Your goal ::
Where the line containing "Solution:133.536 as a fraction is 12953/97" appears, start repeating, and continue exactly through the last line below, adding nothing. Include no pictures.

Recorded information ::
━━━━

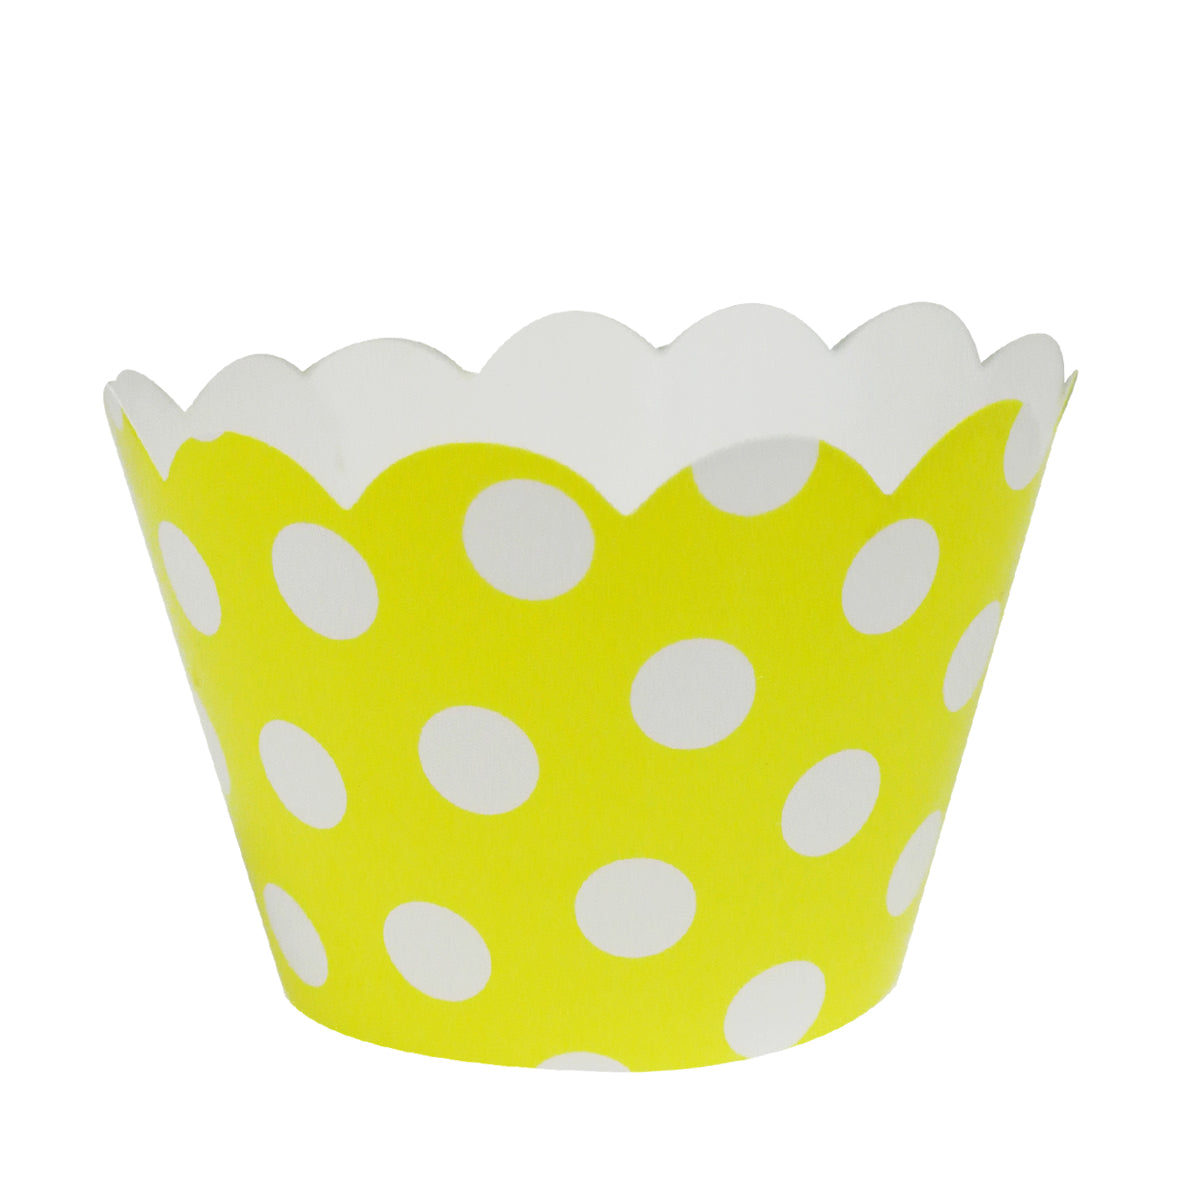 Wrapables Hearts Cupcake Wrappers, Standard size, Yellow, Set of 20
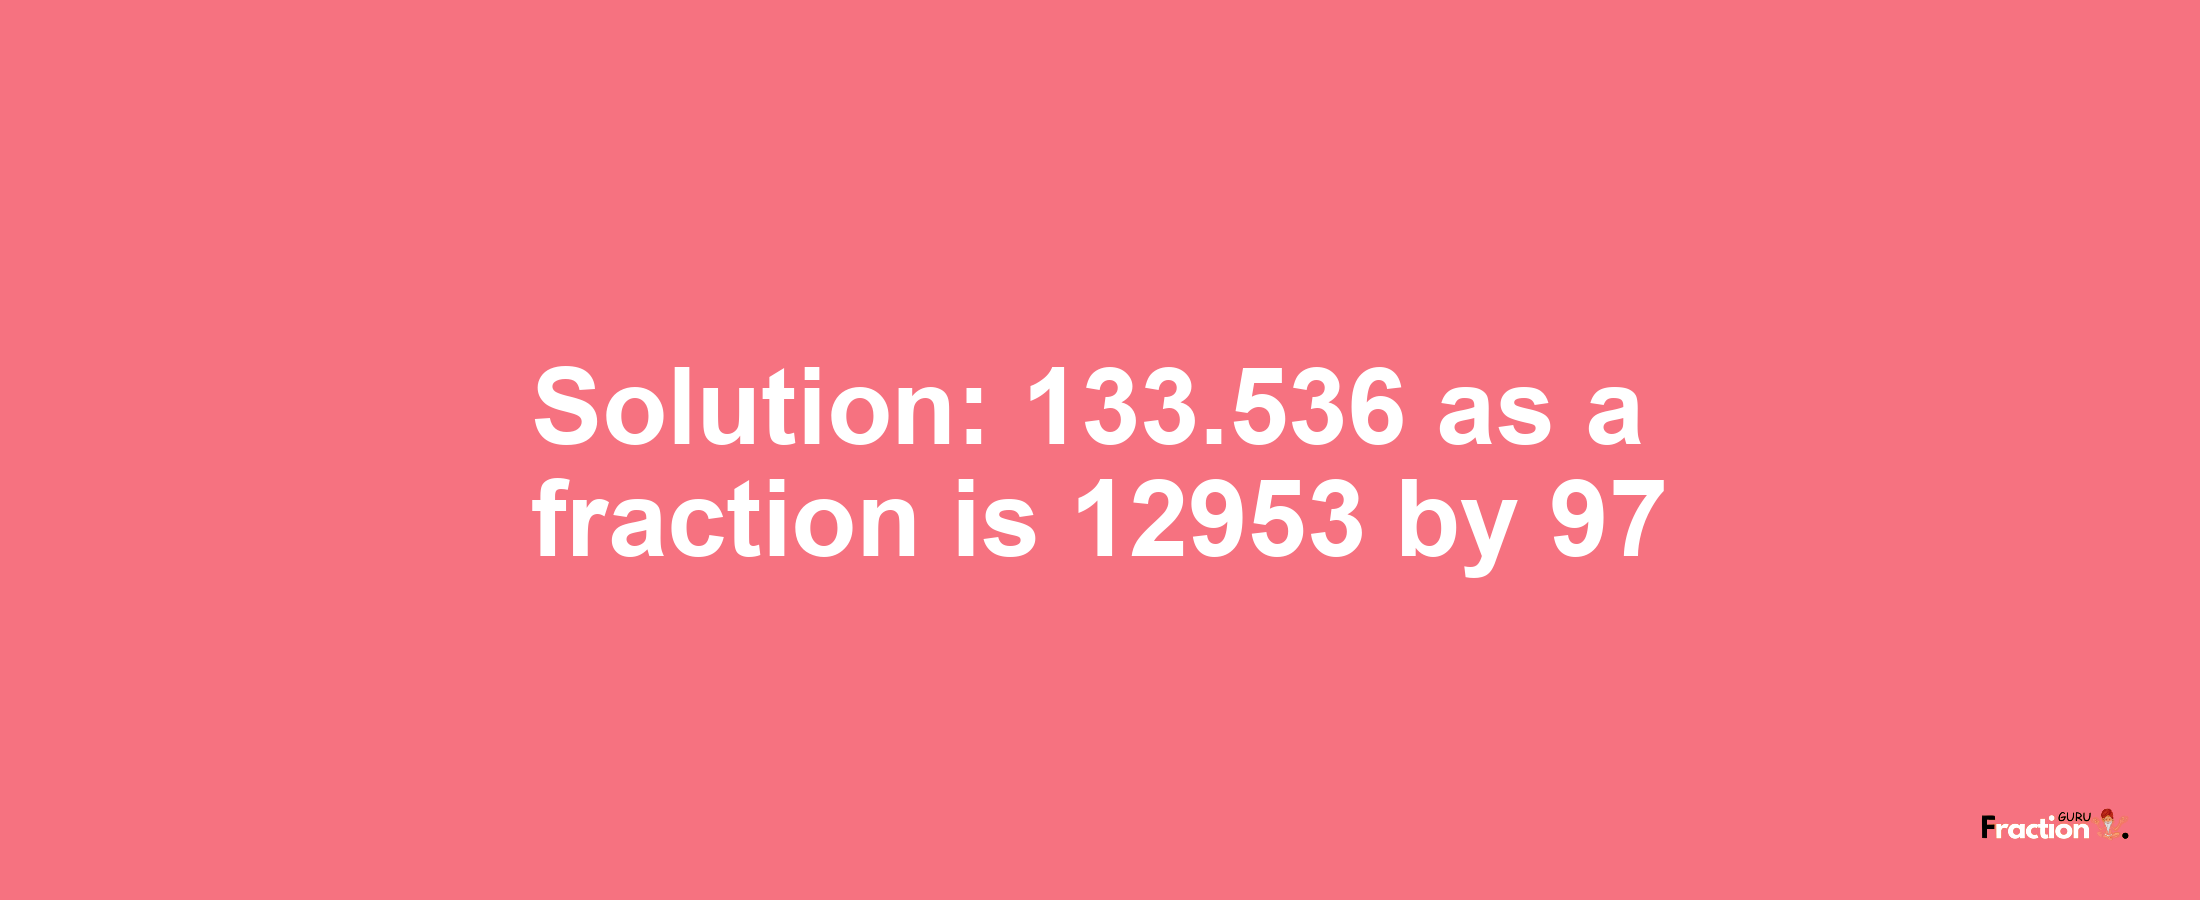 Solution:133.536 as a fraction is 12953/97
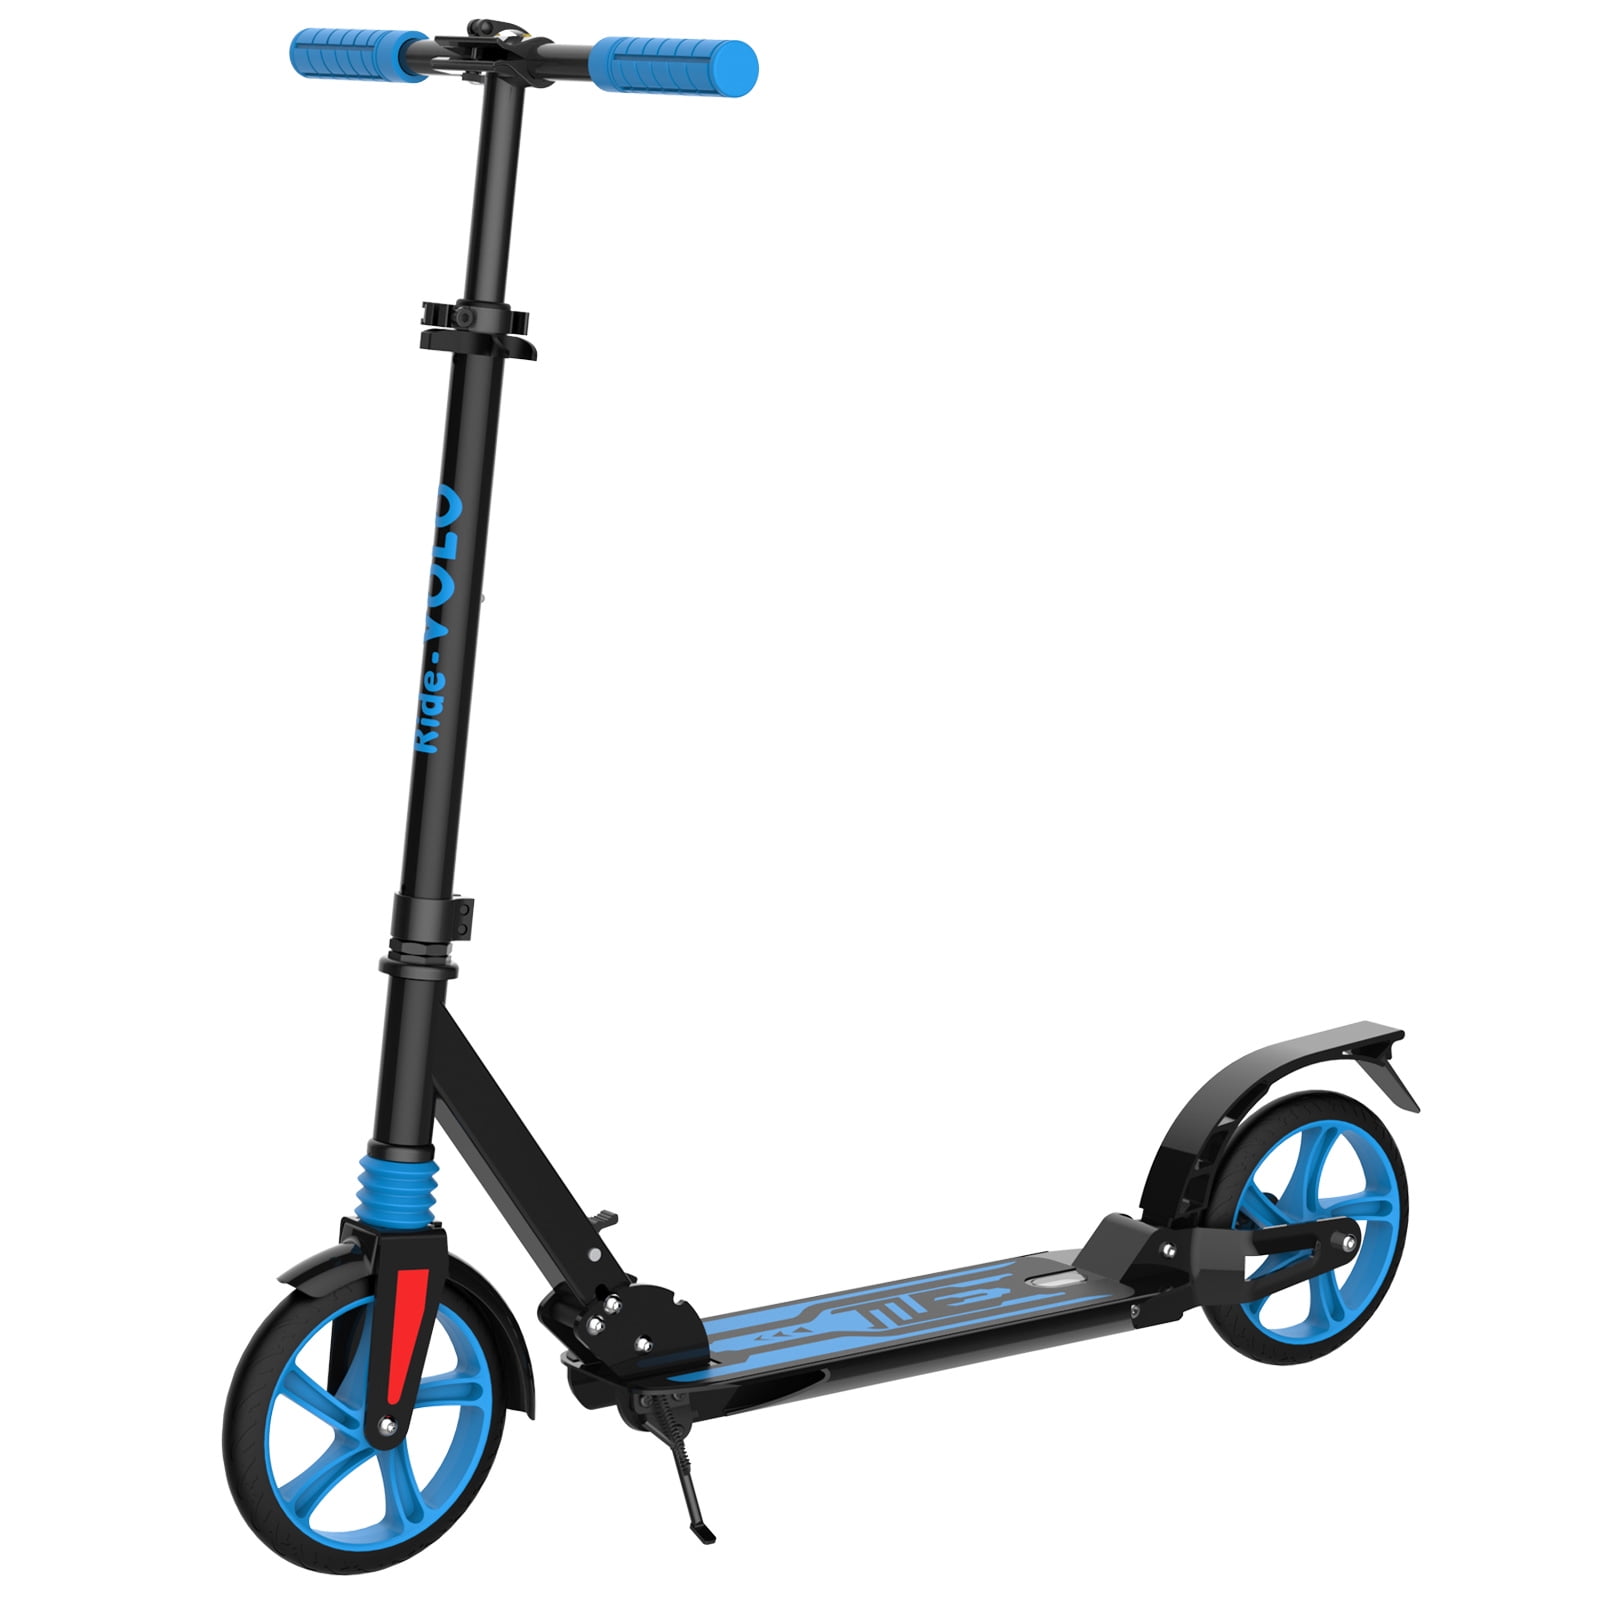 Years Old with 8inch Wheels and 3 Adjustable Height RideVOLO K08 Kick Scooter for 8 Folding System and Suspension System
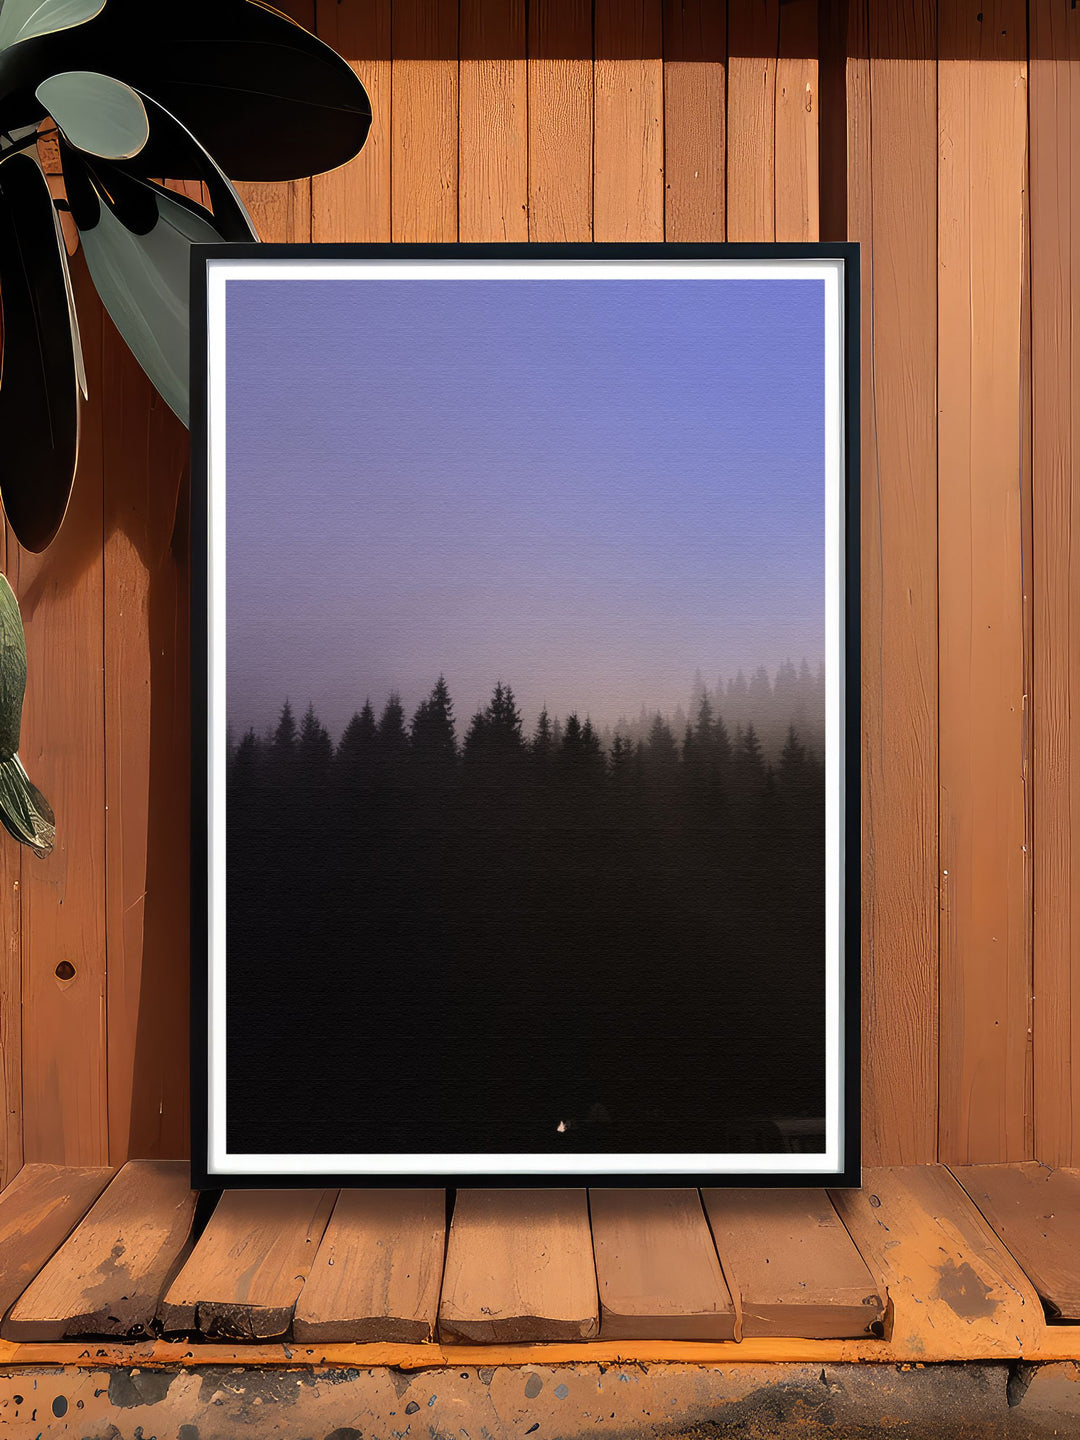 Vintage travel poster of a foggy forest, capturing the timeless and tranquil beauty of natures mist covered landscapes.

━━━━

Response area ::
 Solution:133.536 as a fraction is 12953/97
 Years Old with 8inch Wheels and 3 Adjustable Height RideVOLO K08 Kick Scooter for 8 Folding System and Suspension System
 Vintage travel poster of a foggy forest, capturing the timeless and tranquil beauty of natures mist covered landscapes.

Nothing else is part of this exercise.